Other of my book reviews: FICTION Bookshelf and NON-FICTION Bookshelf


Wednesday, October 23, 2019

Book Review: "Exhalation" by Ted Chiang

Exhalation (2019)
Ted Chiang (1967)
350 pages

Science fiction has a reputation of being mostly space opera adventures – entertaining diversions, but nothing to be taken too seriously. Such a simplistic characterization, however, ignores a host of writers who have used the genre to explore, with compelling effectiveness, the many and varied questions that arise from the intersection of our technological development and our cultural, social, economic and political realities.

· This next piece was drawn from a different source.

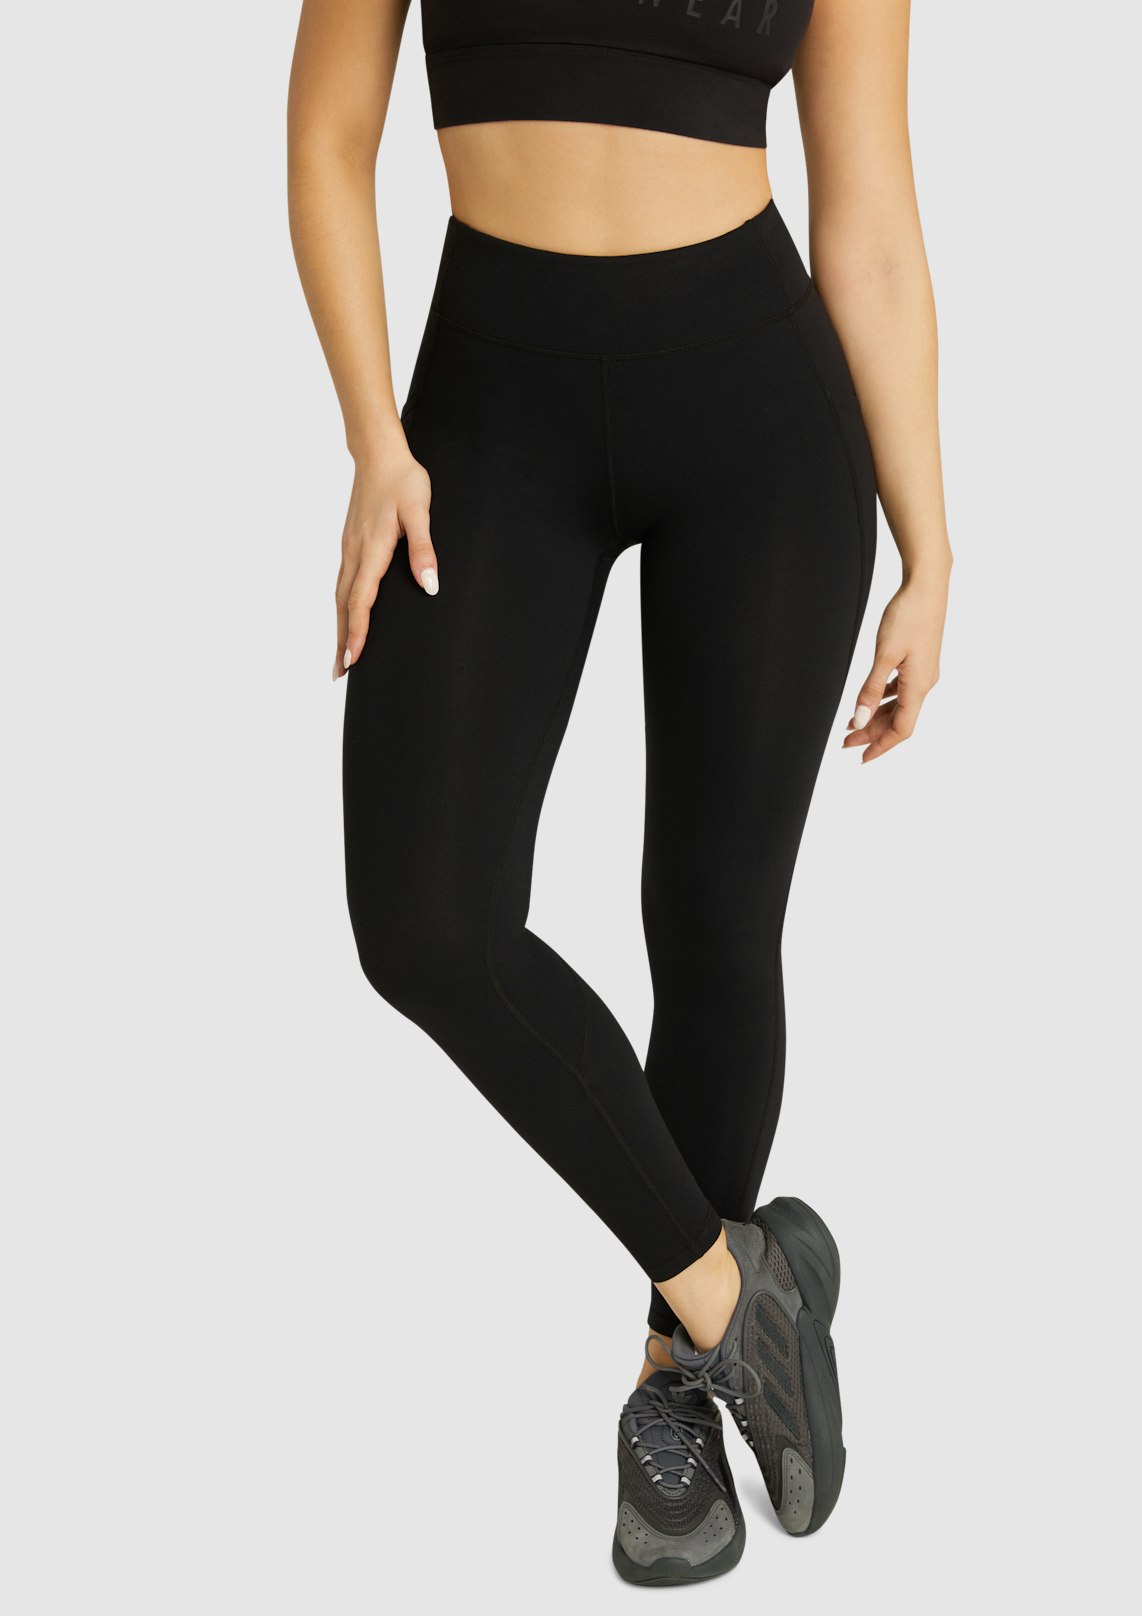 Luxesoft Pocket Full Length Tights by Rockwear Online
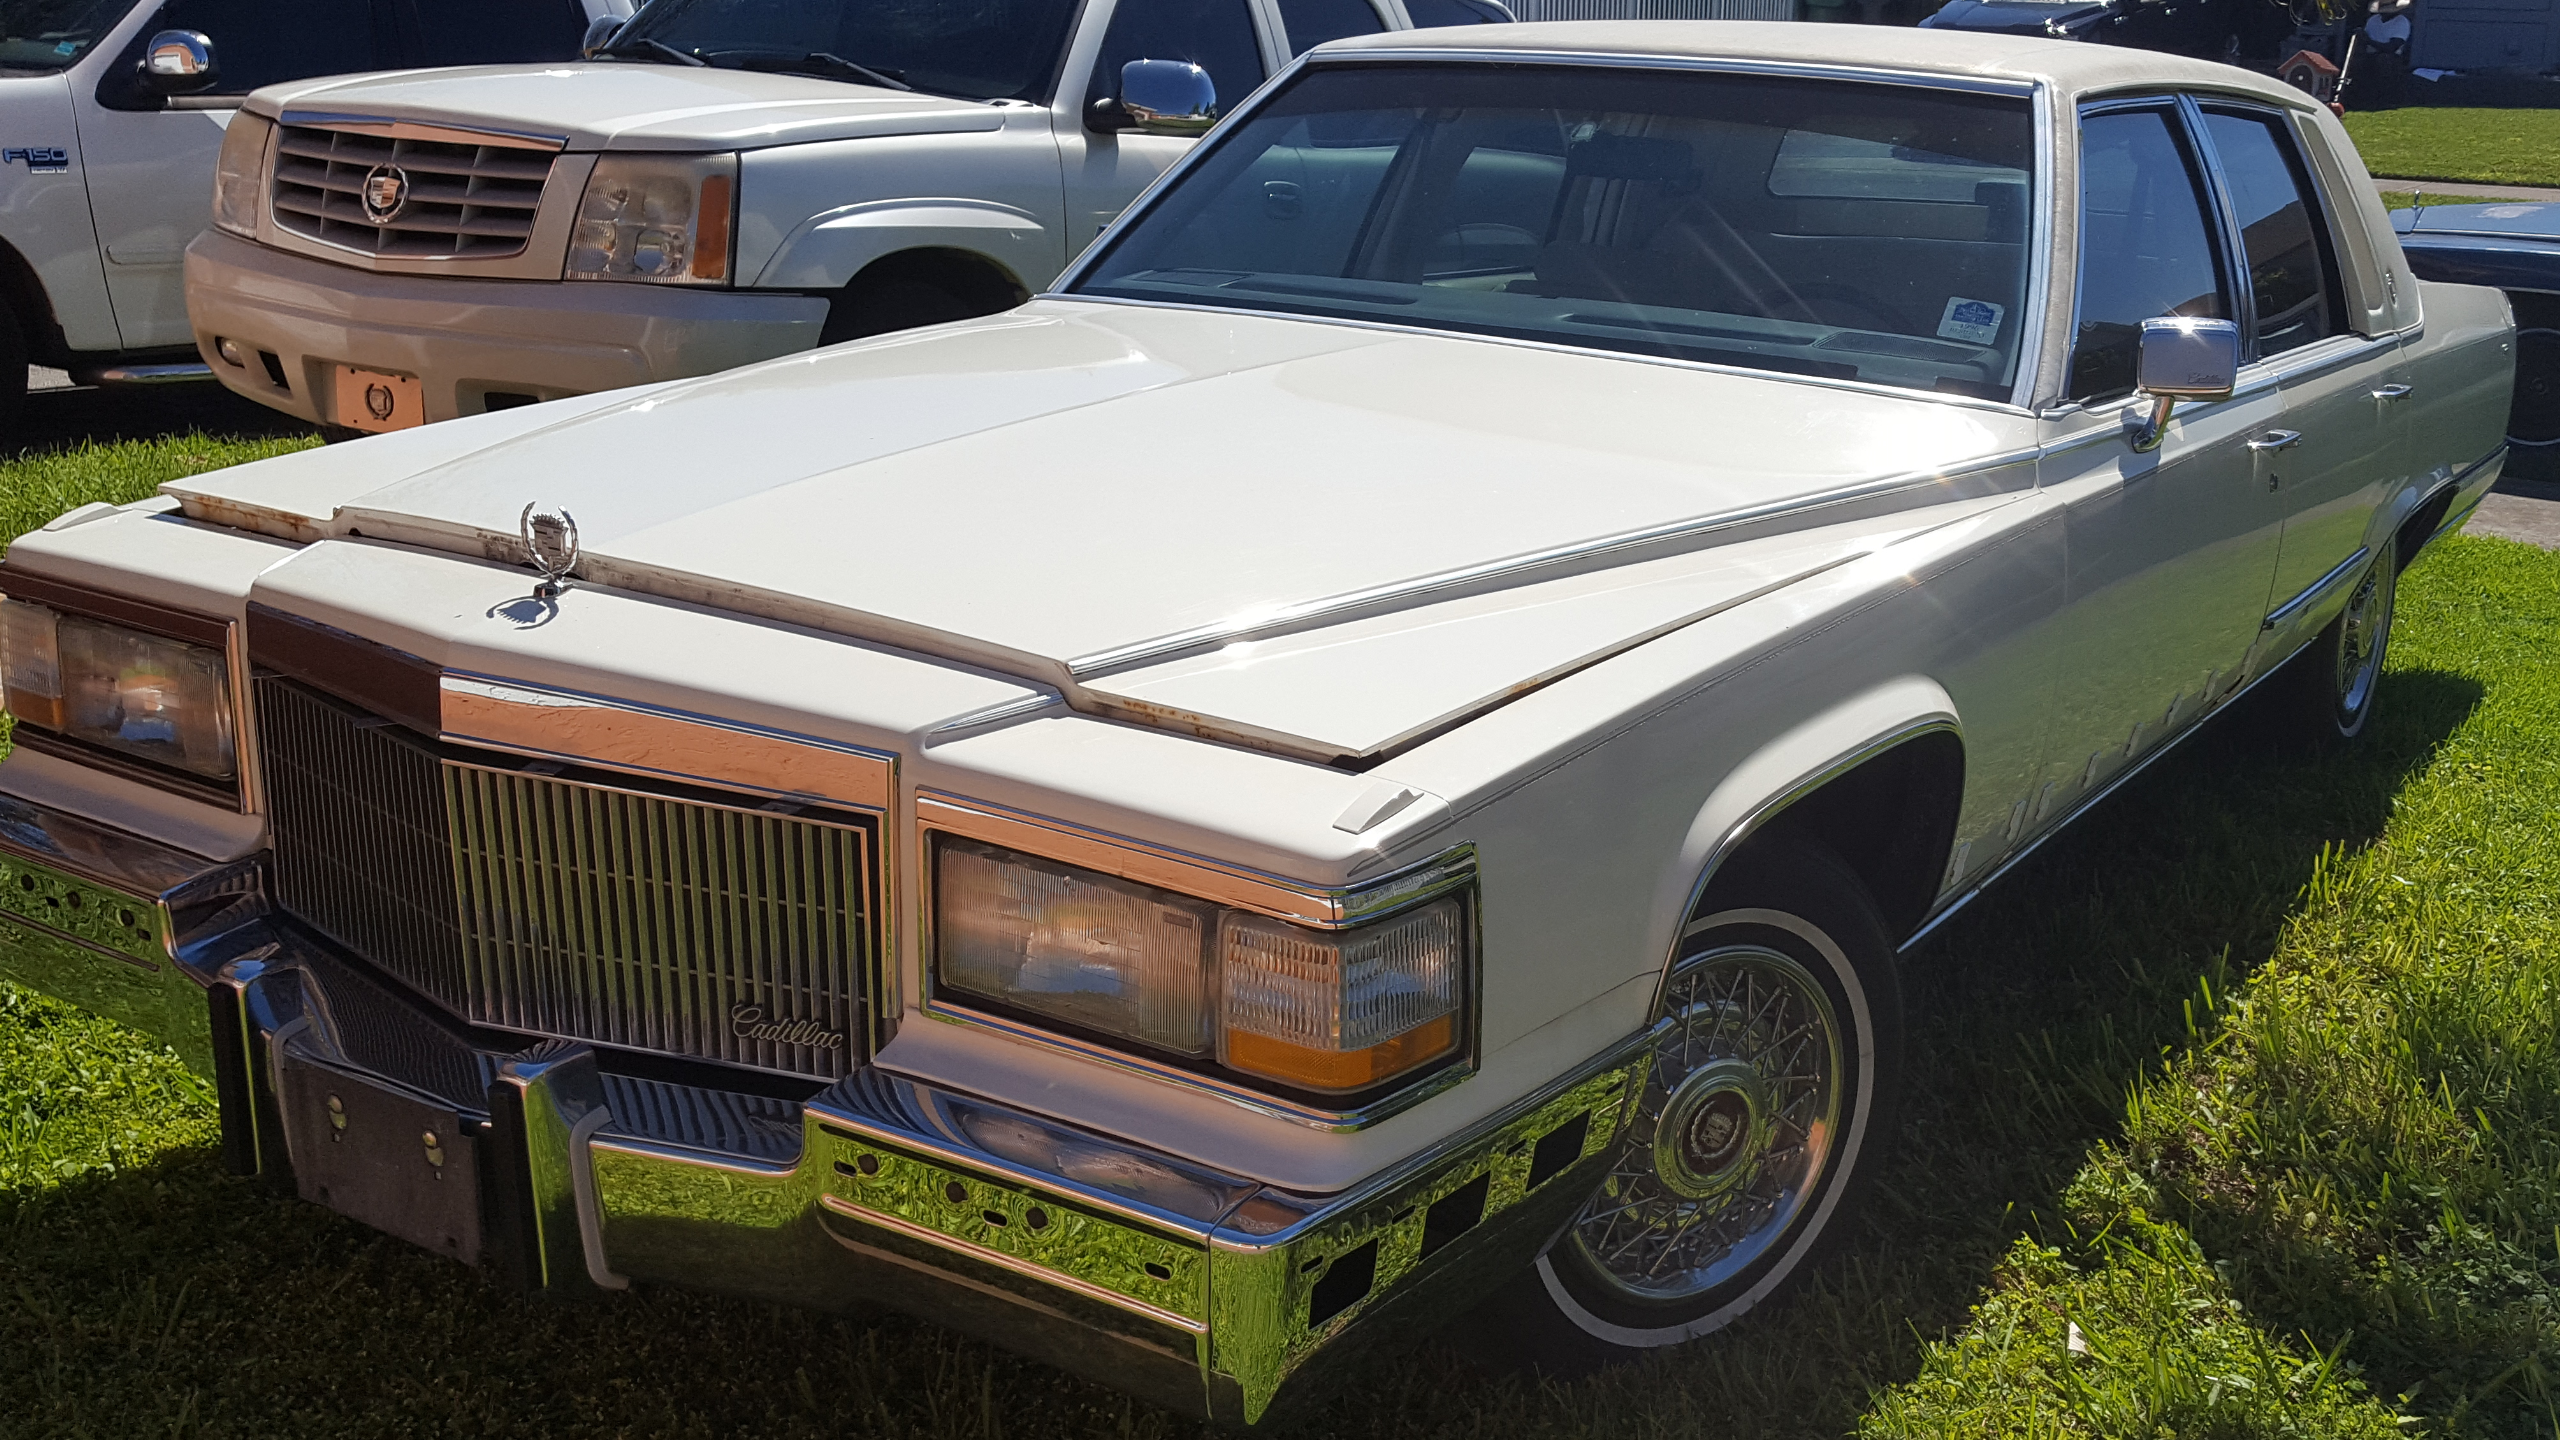 PARTING OUT... 1990 1991 1992 Cadillac Fleetwood Brougham 1989 1988 1987 1986 1985 1984 1983 1982 Deville RWD.

Some novels of this latter type imagine how our present civilization will evolve into the future, such as Kim Stanley Robinson’s expansive vision of humankind’s evolution – both genetically and culturally – in 2312 (and other of his works), or Alfred Bester’s disturbing prognosis from the 1950’s in The Stars My Destination of the eventual consequence of the continuing shift toward a corporatocracy as a seemingly inevitable outcome of the fundamental precepts of capitalism. Others present a dystopic view of our future, whether the classic – and powerfully disturbing – novel of nuclear destruction On the Beach by Nevil Shute, or Jeff VanderMeer’s tale in Southern Reach Trilogy of nature rising up to avenge damaging human disregard of the environment, to name a couple. And then there are those who look outward, to our place in the universe, such as Cixin Liu’s eye-opening answer to the Fermi Paradox – why we have not found evidence of extraterrestrial civilizations despite the seemingly high likelihood they should exist – in his Three Body Problem trilogy. What all of these stories have in common is the combination of a thought-provoking premise and a captivating plot. (Reviews of these novels and other wonderful examples can be found here, in the sections dedicated to Science Fiction.)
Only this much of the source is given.